* _GIVEN DATA_
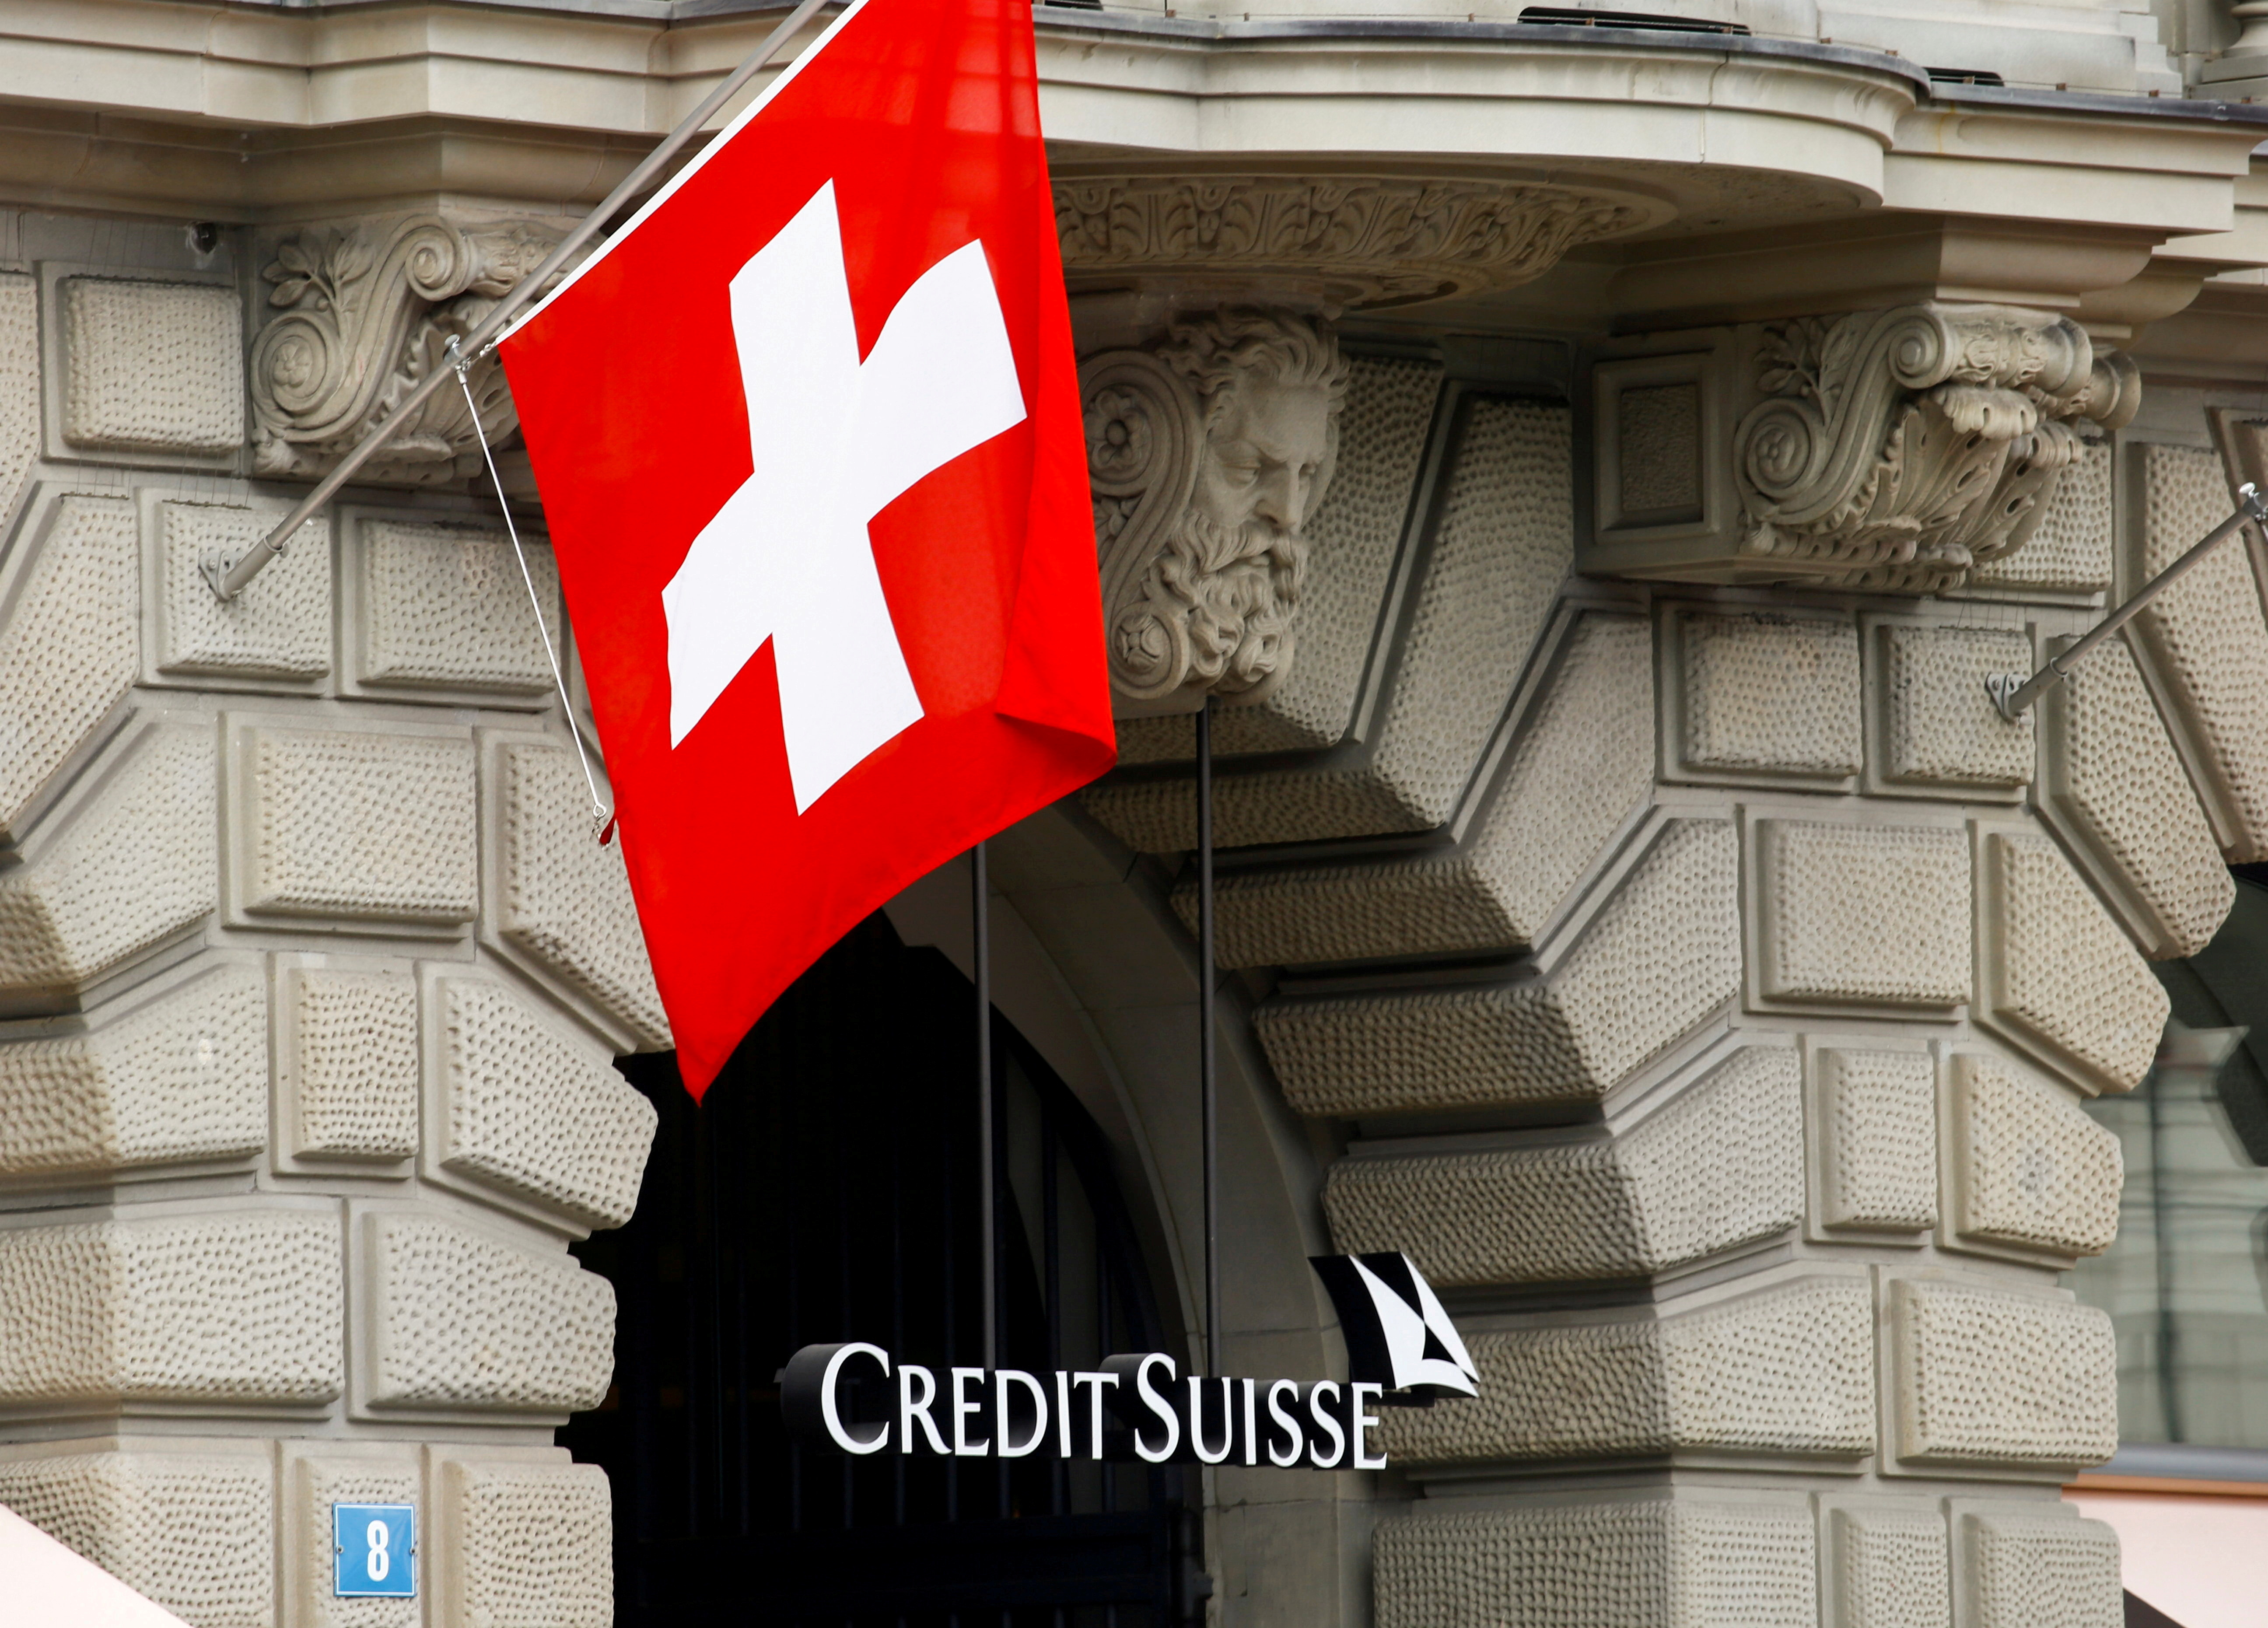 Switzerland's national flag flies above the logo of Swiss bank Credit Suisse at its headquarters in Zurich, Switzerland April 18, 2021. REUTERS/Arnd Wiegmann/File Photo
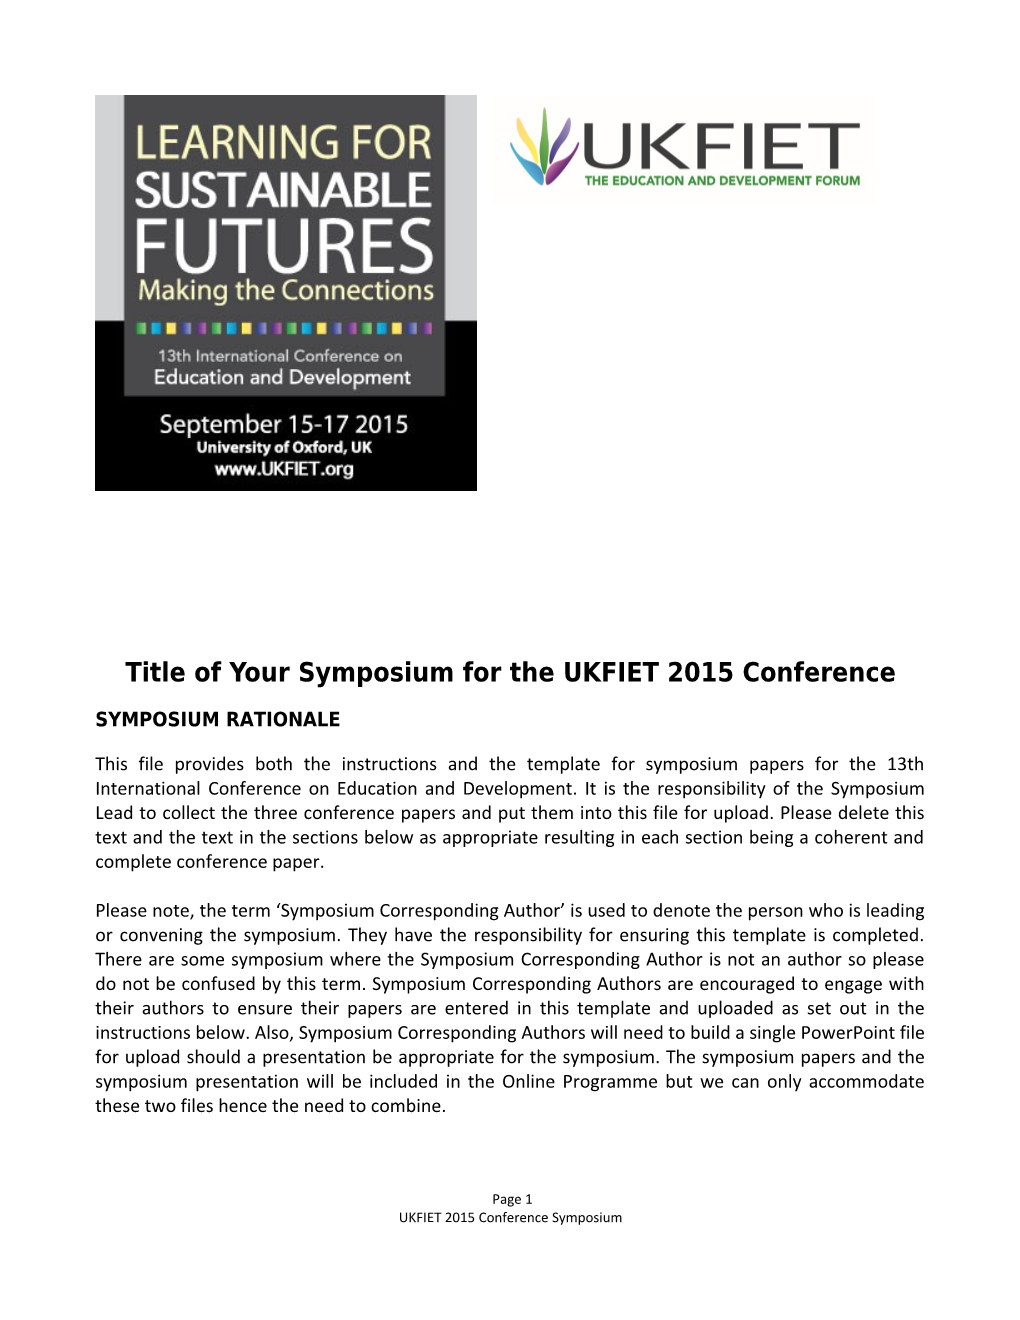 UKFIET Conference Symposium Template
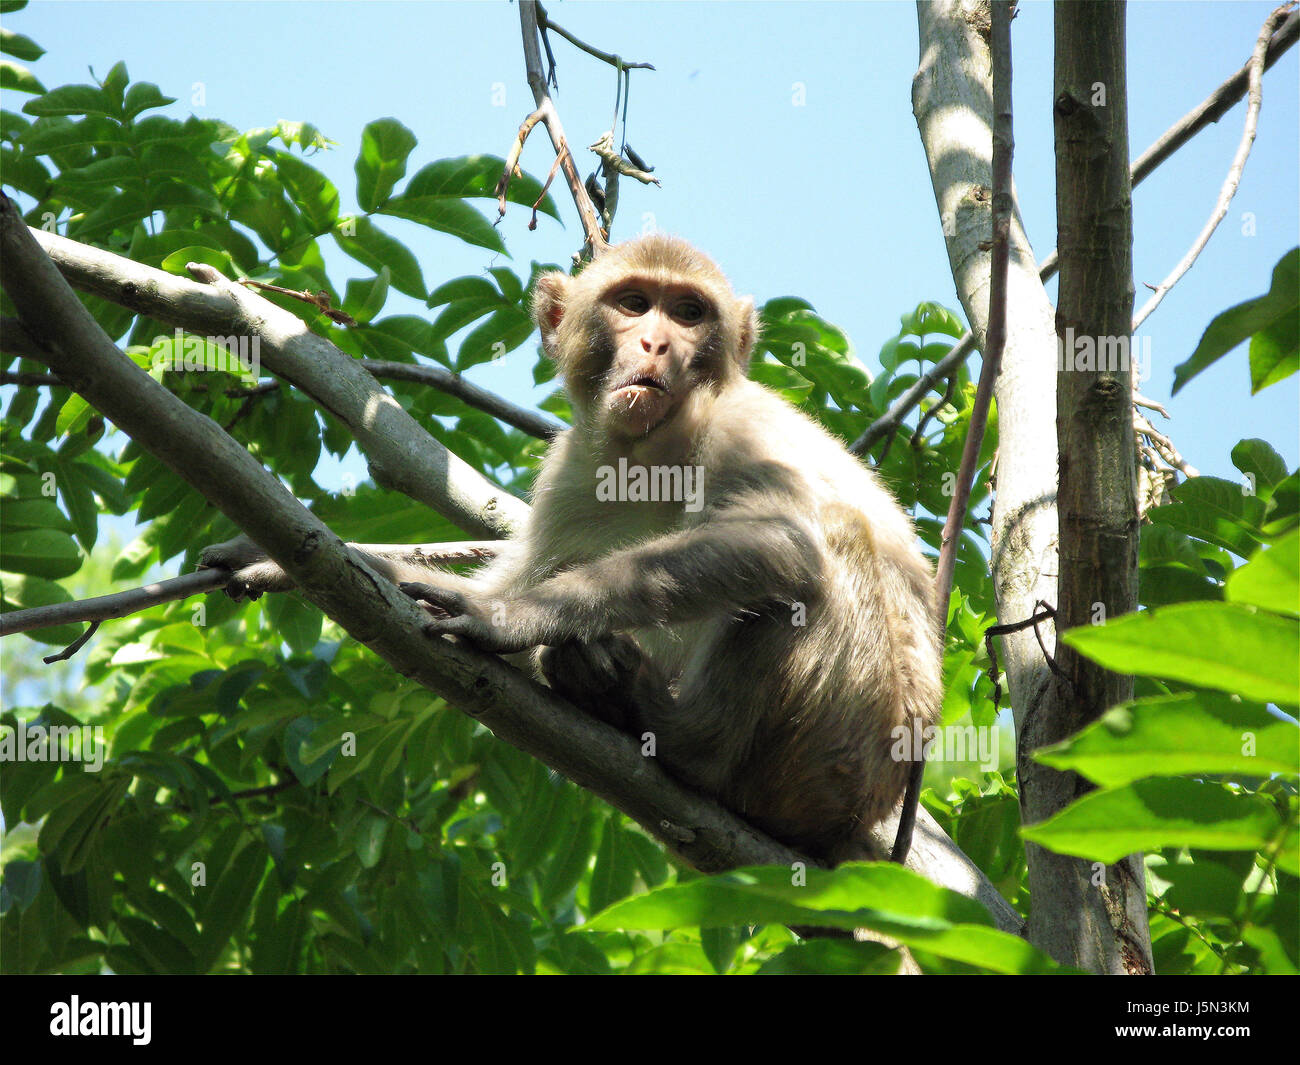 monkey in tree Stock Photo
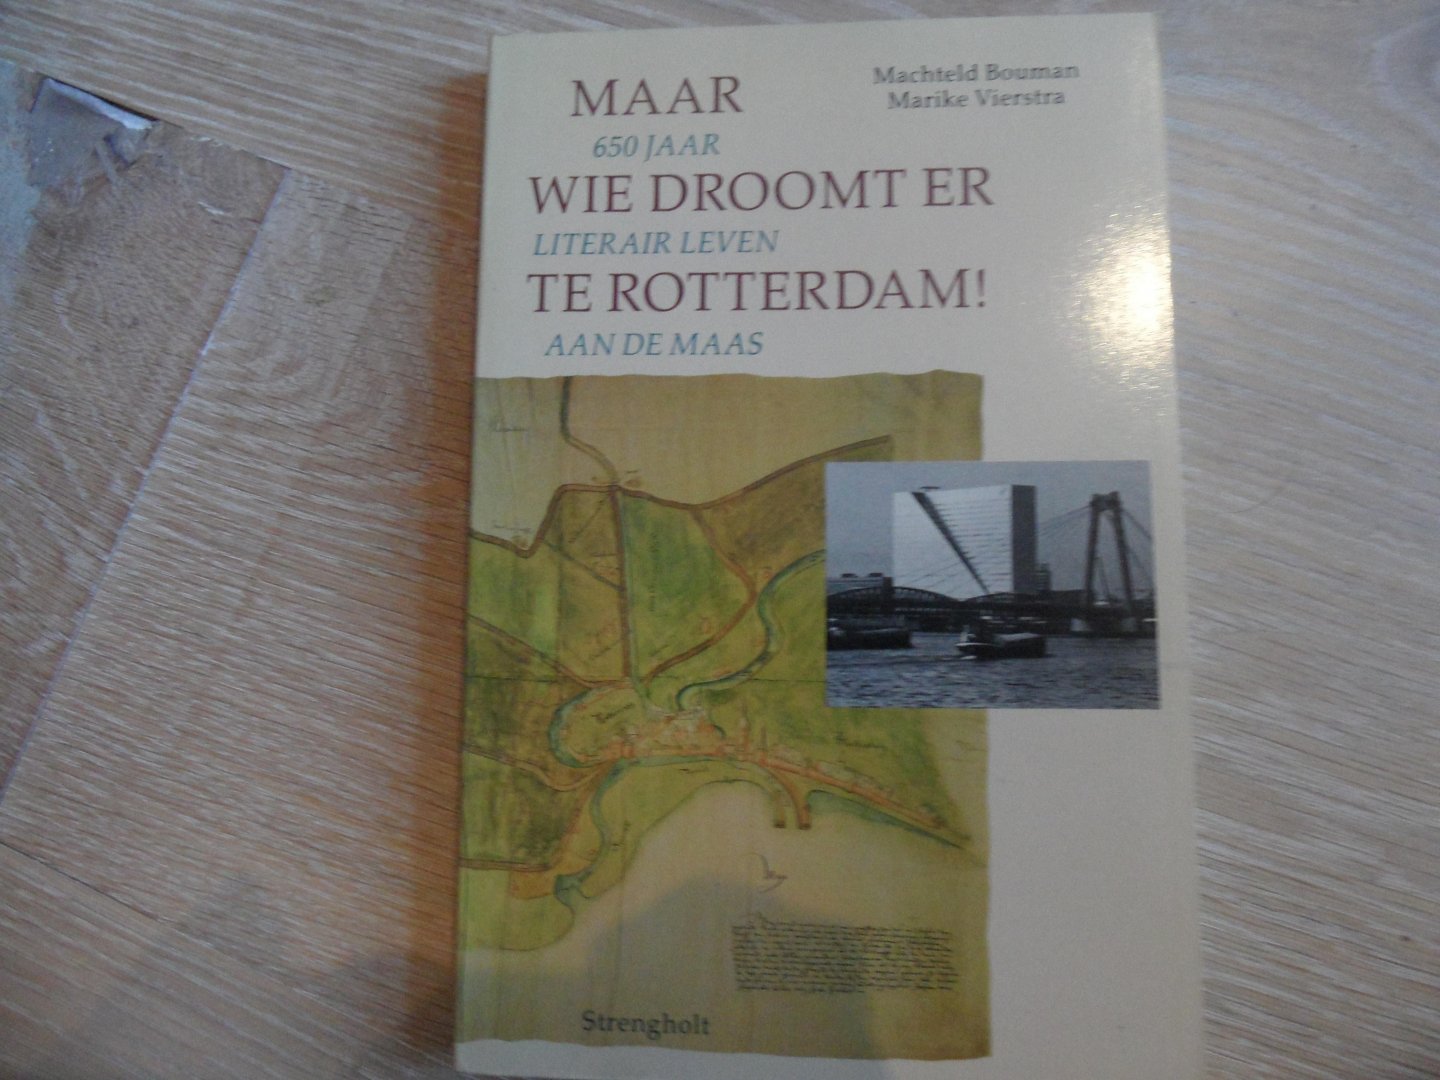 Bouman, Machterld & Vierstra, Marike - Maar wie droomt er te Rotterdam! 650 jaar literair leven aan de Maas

* _WHAT IS NEEDED_
Pictures excluded, copy exactly the lines running from the one with "UKFIET Conference Symposium Template" through the last line of the material.

* _RESPONSE_
 UKFIET Conference Symposium Template
 monkey in tree Stock Photo
 Bouman, Machterld & Vierstra, Marike - Maar wie droomt er te Rotterdam! 650 jaar literair leven aan de Maas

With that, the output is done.